Anonymous77 Anonymous77 5 years
To my knowledge he hasn't said anything to encourage them to stop. We don't talk about it. Whenever it has gotten brought up he rolls his eyes at how crazy they are. My guess is that he secretly is flattered by it. He looks at a few peoples profiles but he is definitely looking at the ex's more and making a point of it. I guess I don't understand why he has to look. He talks about their relationships as having just been "convenient" and knowing that he didn't really has feelings for them like he should have. So if he isn't friends with them, viewed his relationships with them as a joke, and is aware of their crazy behaviors then why does he check out their pictures and stuff pretty regularly?I know I haven't talked about it with him but I wouldn't even know how to go about it.

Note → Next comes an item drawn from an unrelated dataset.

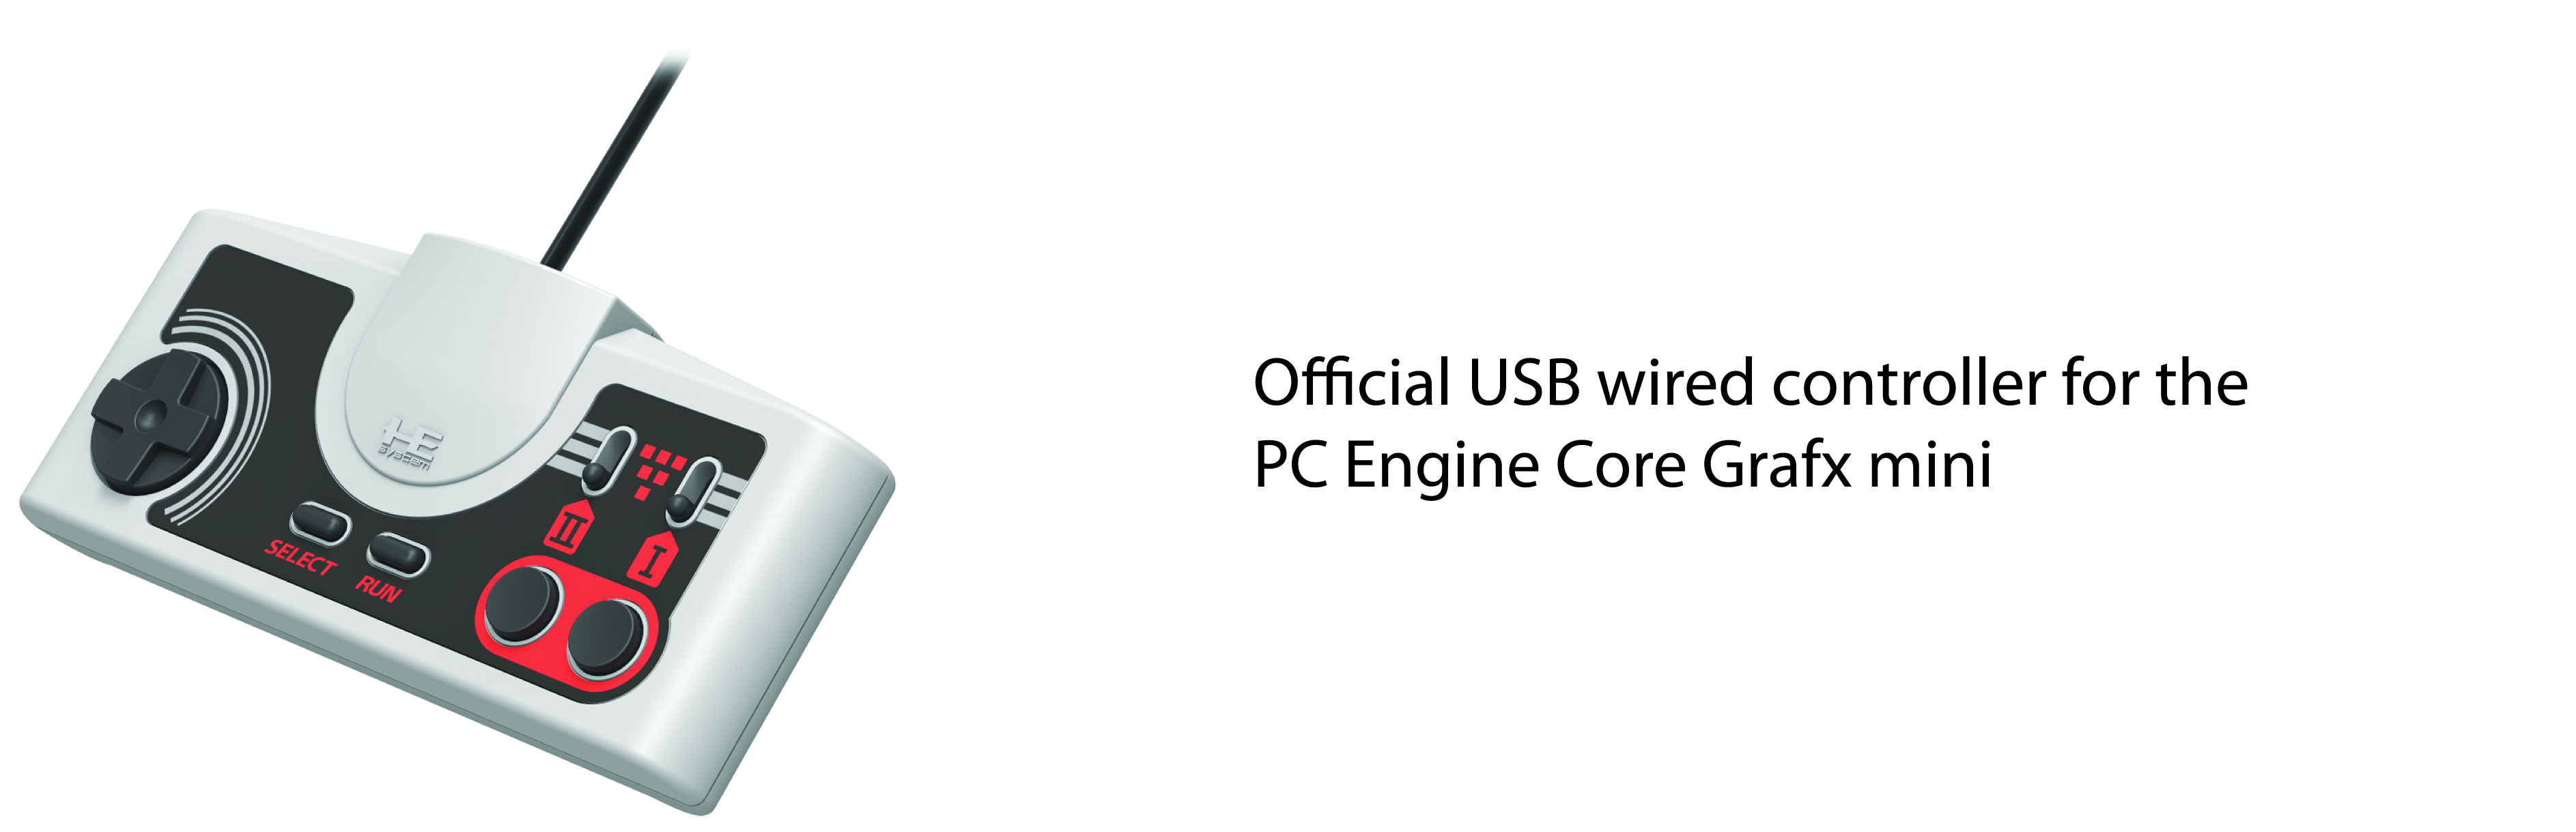 pc-engine-core-grafx-mini-controller-pad-a-1.jpg
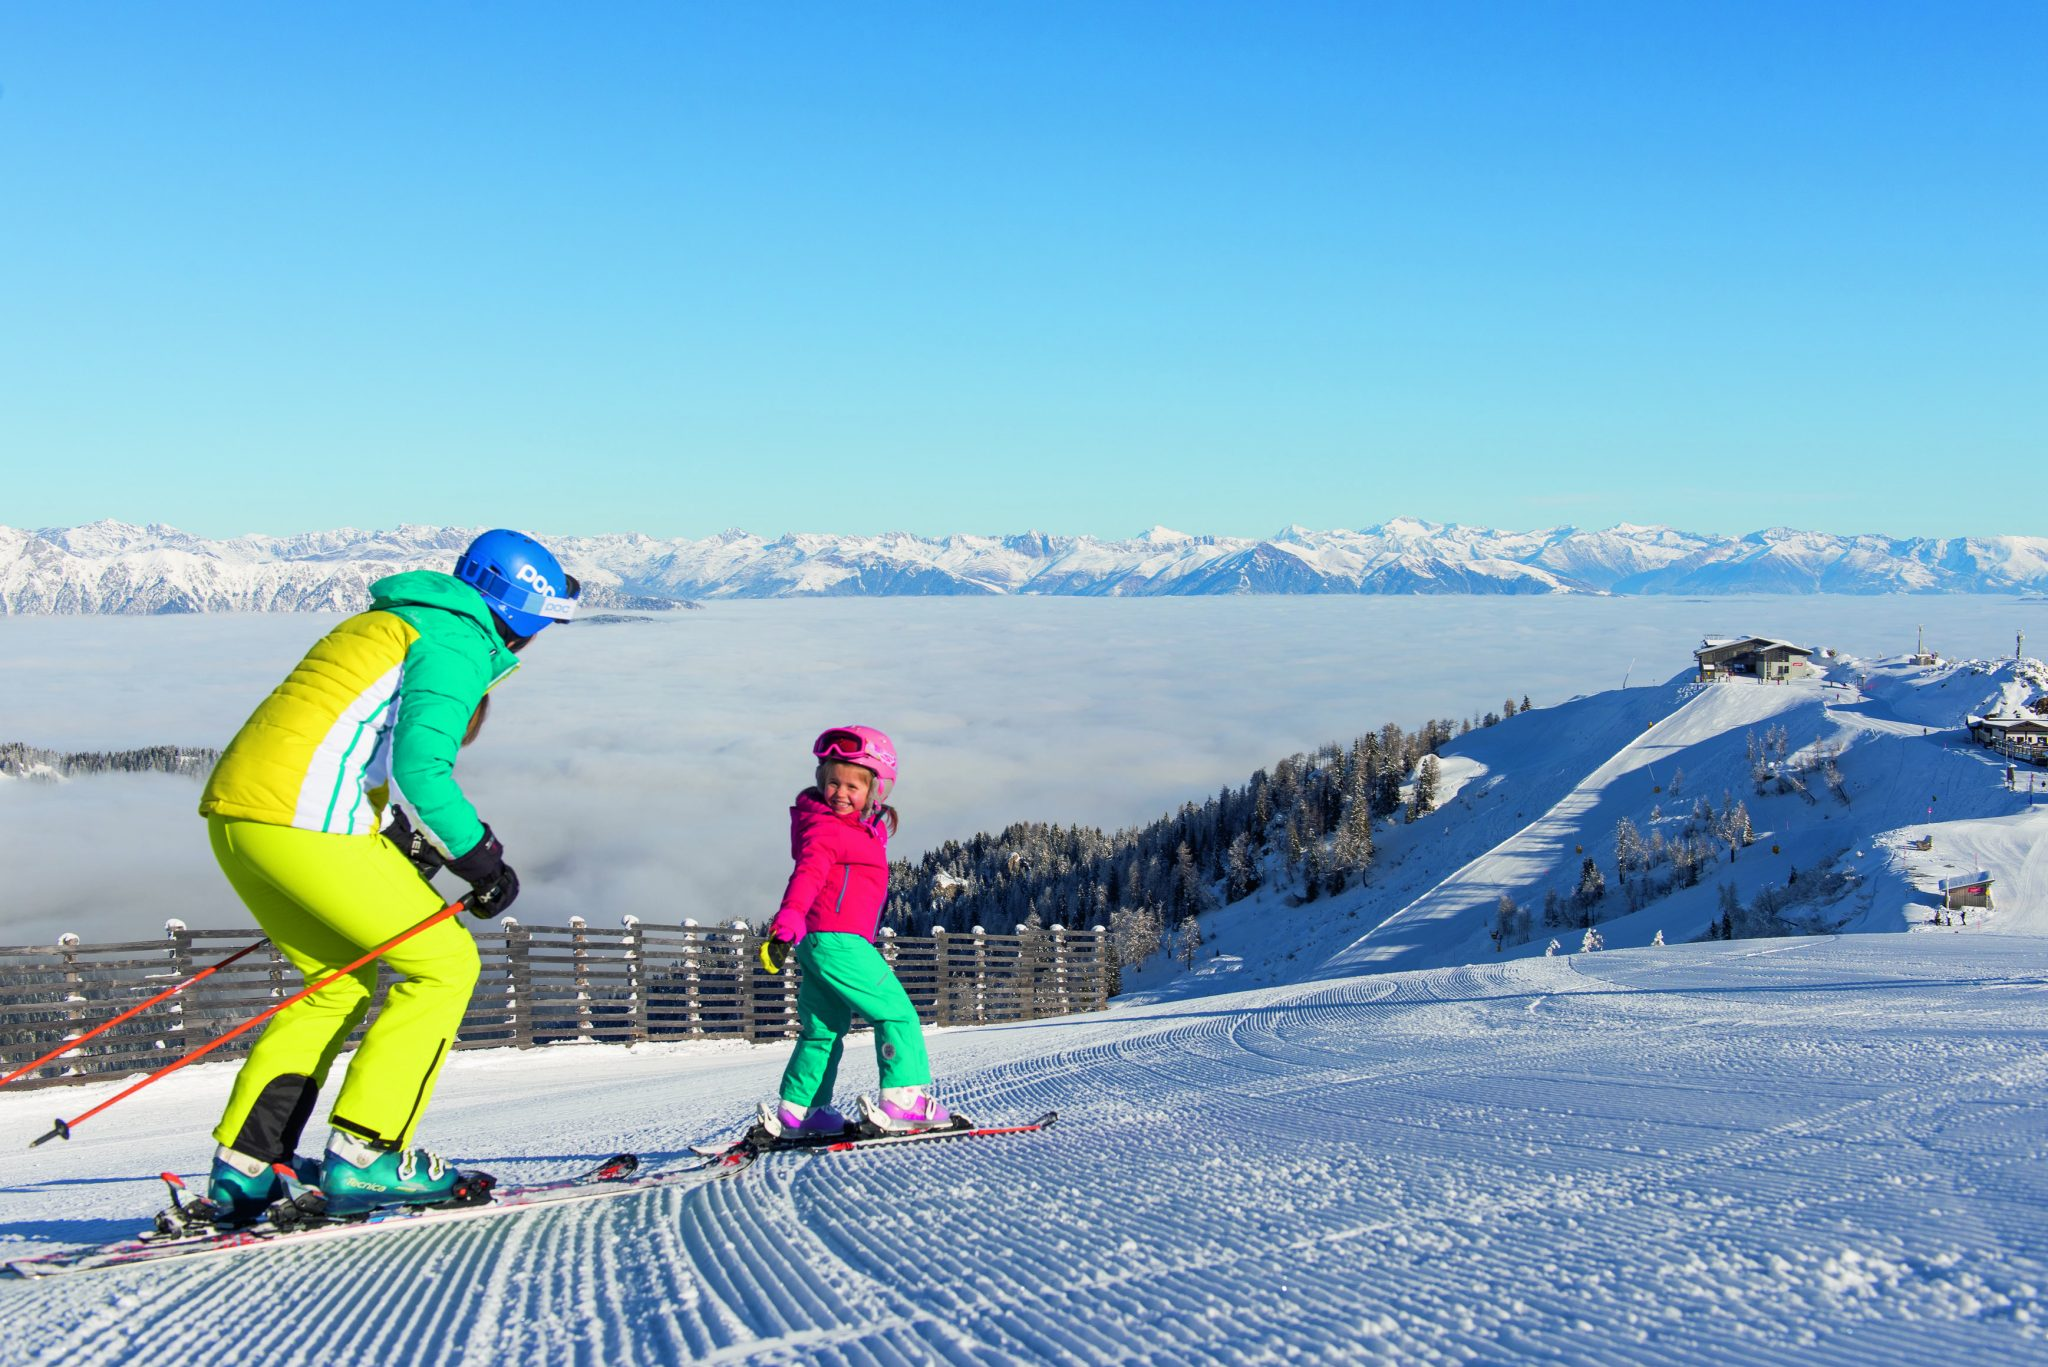 FranzGERDL_Kärnten Werbung_NASSFELD Ski Alpin _0238_087-17

Anonymous77 Anonymous77 5 years
To my knowledge he hasn't said anything to encourage them to stop. We don't talk about it. Whenever it has gotten brought up he rolls his eyes at how crazy they are. My guess is that he secretly is flattered by it. He looks at a few peoples profiles but he is definitely looking at the ex's more and making a point of it. I guess I don't understand why he has to look. He talks about their relationships as having just been "convenient" and knowing that he didn't really has feelings for them like he should have. So if he isn't friends with them, viewed his relationships with them as a joke, and is aware of their crazy behaviors then why does he check out their pictures and stuff pretty regularly? I know I haven't talked about it with him but I wouldn't even know how to go about it.
Rjs-baby-girl Rjs-baby-girl 5 years
Did he talk to the girls about the stalking behaviour to tell them to stop it? Did he take actions to make it stop? Have you guys talked about how uncomfortable it makes you feel? The main thing for me would be to know he's doing everything possible to try to stop them, then I would be reassured that he has moved on. I'm not really sure how to answer the Facebook part. You saw that he's looking at his ex's profiles, but is he looking a lot at other friend's profiles in general? For example, I'm the one who left my previous serious boyfriends and I'm friends on Facebook with 2 of them, and I check their profiles from time to time, to see what they are doing now and stuff. I'm not stalking them but for me it's another way to get news about them without having to talk to them too often. I still care about them even if I don't love them anymore.